On the other hand, when a plurality of concentric circular tracks are magnetically constituted in the recording surface (recording magnetic film) of a magnetic disk, the user data areas and servo pattern areas are arranged alternately in each track in the extension direction thereof (that is, the circumferential direction of the magnetic disk). The user data areas are the zones where the user data can be rewritably recorded with the magnetic head of the magnetic disk device. The servo pattern areas are the areas for magnetically forming or recording the prescribed servo patterns for positioning and controlling he magnetic head on the target rack on the recording surface. During information recording on a magnetic disk, the user data are recorded in the user data areas, but the servo pattern located in the servo pattern areas is not rewritten.

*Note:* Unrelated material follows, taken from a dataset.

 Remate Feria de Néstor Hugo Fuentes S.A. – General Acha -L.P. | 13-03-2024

FIGS. 4A and 4B show an example of the conventional thermally assisted magnetic recording method. FIG. 4A shows a partial cross-section of a magnetic disk 40 rotated during information recording and a slider 50 disposed opposite the magnetic disk. The magnetic disk 40 has a laminated structure comprising a disk substrate 41, a recording magnetic film 42, and a protective layer 43 and is composed as a magnetic recording medium capable of implementing information recording (magnetic recording) and information reproduction in a thermally assisted recording system. The slider 50 comprises a slider body 51, a converging lens 52, and a magnetic head 53 for recording. The slider body 51 comprises a prescribed laser emission section 51a on the side thereof facing the medium. A laser beam L that is emitted from a light source (not shown in the figures) and passed through the converging lens 52 can be emitted from the laser emission section 51a. The converging lens 52 is used to converge the laser beam L. The magnetic head 53 serves to apply the prescribed recording magnetic field Hr to the recording magnetic film 42. The movement direction of the slider 50 with respect to the rotating magnetic disk 40 is shown by arrow D.

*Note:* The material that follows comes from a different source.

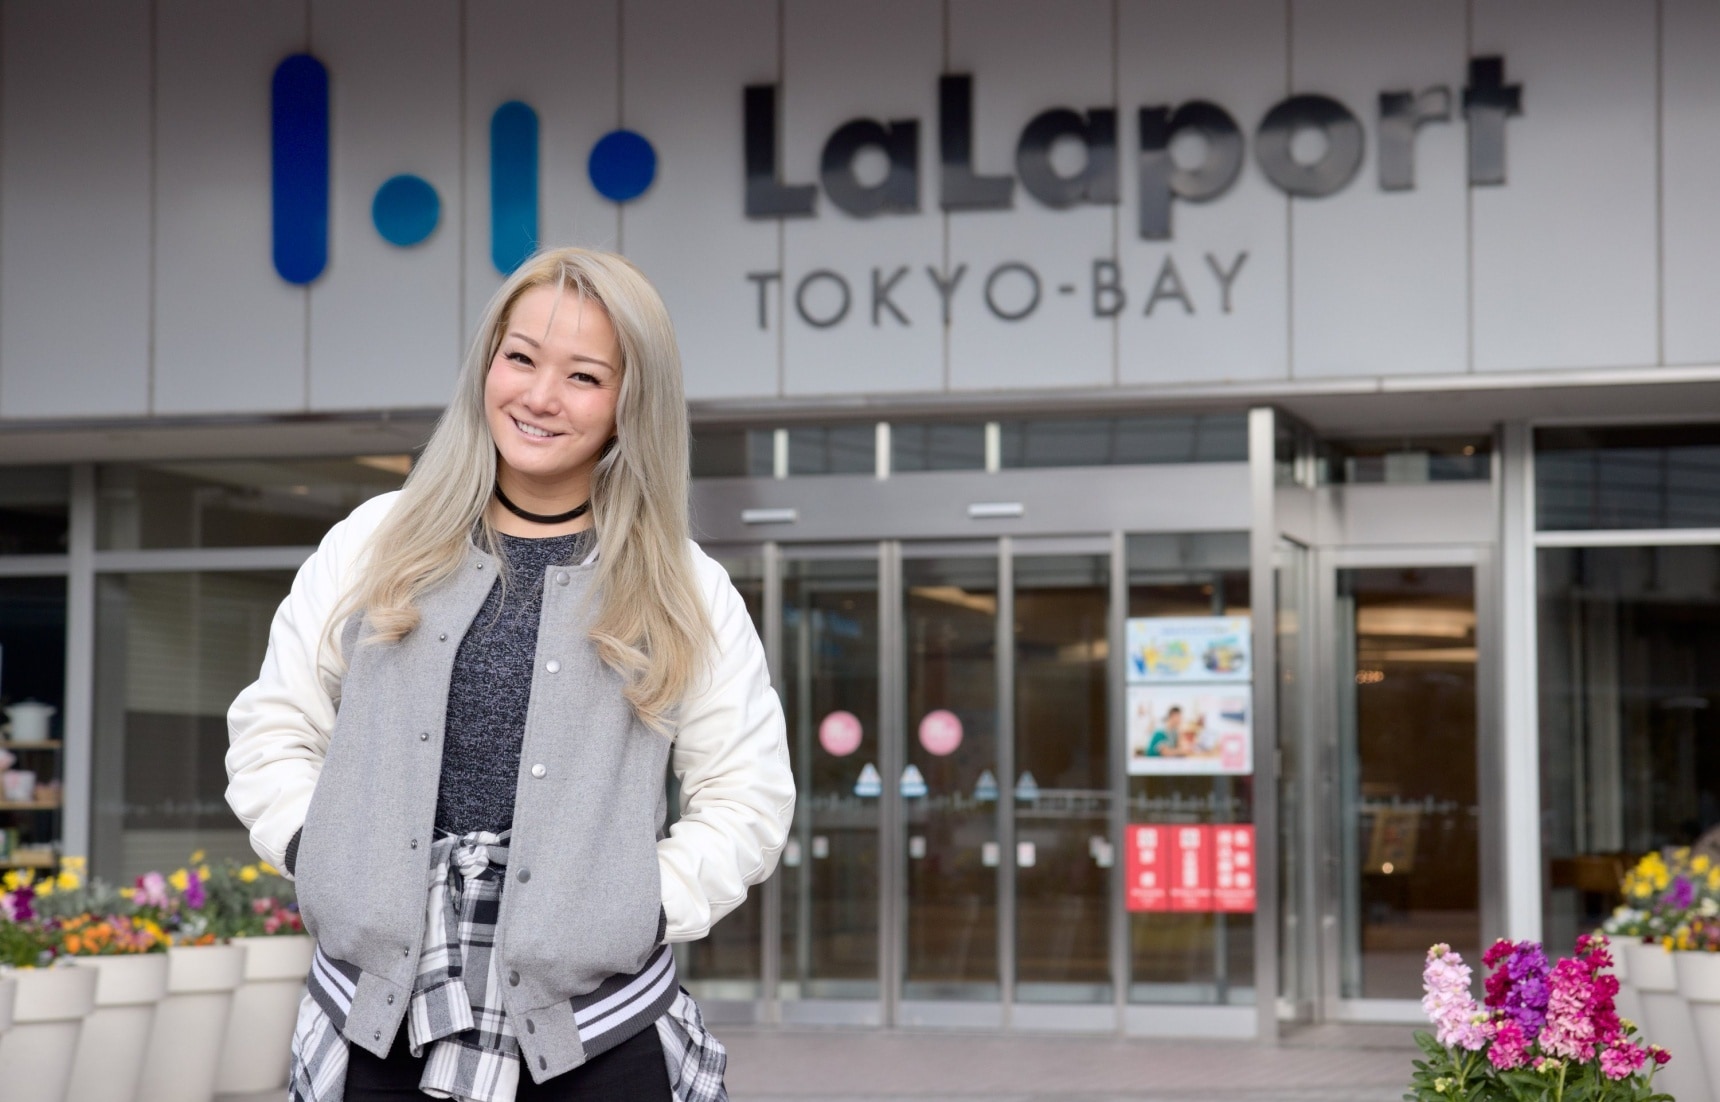 ตามรอยพิคาชูที่ห้าง LaLaport TOKYO-BAY

FIG. 4B-(a) is a partial enlarged plan view of one track T in the recording magnetic film 42 and vicinity thereof (the scale in this figure is different from that in FIG. 4A). In the track T, the user data areas Y and servo pattern areas S are arranged alternately in the extension direction of the stack. FIG. 4B-(b) is a graph illustrating the control mode of laser illumination in the present conventional method. In the graph shown in FIG. 4B-(b), the position on the recording magnetic film 42 or track T (position in the track extension direction) that is opposite the laser beam emission section 51a located directly below the converging lens 22 is plotted against the abscissa, and the laser power is plotted against the ordinate. The laser power corresponding to the position in the track extension direction of the laser beam L illuminated on the recording magnetic film 42 is represented by a solid line 61. FIG. 4B-(c) is a graph showing the control mode of recording magnetic field application and the changes in the coercive force of the recording magnetic film 42 in the present conventional method. In the graph shown in FIG. 4B-(c), the position on the recording magnetic film 42 or track T that is opposite the magnetic head 53 (position in the track extension direction) is plotted against the abscissa, and the absolute value of the intensity of the recording magnetic field Hr and the coercive force Hc of the recording magnetic film 42 are plotted against the ordinate. The absolute value of the intensity corresponding to the position in the track extension direction is shown with a solid line 62 for the recording magnetic field Hr applied to the recording magnetic film 42 (therefore, the application direction of the recording magnetic field Hr is not represented by the solid line 62). Furthermore, the coercive force Hc of the recording magnetic film 42 at the time the magnetic head 53 passes by is represented by a dash-dot line 63.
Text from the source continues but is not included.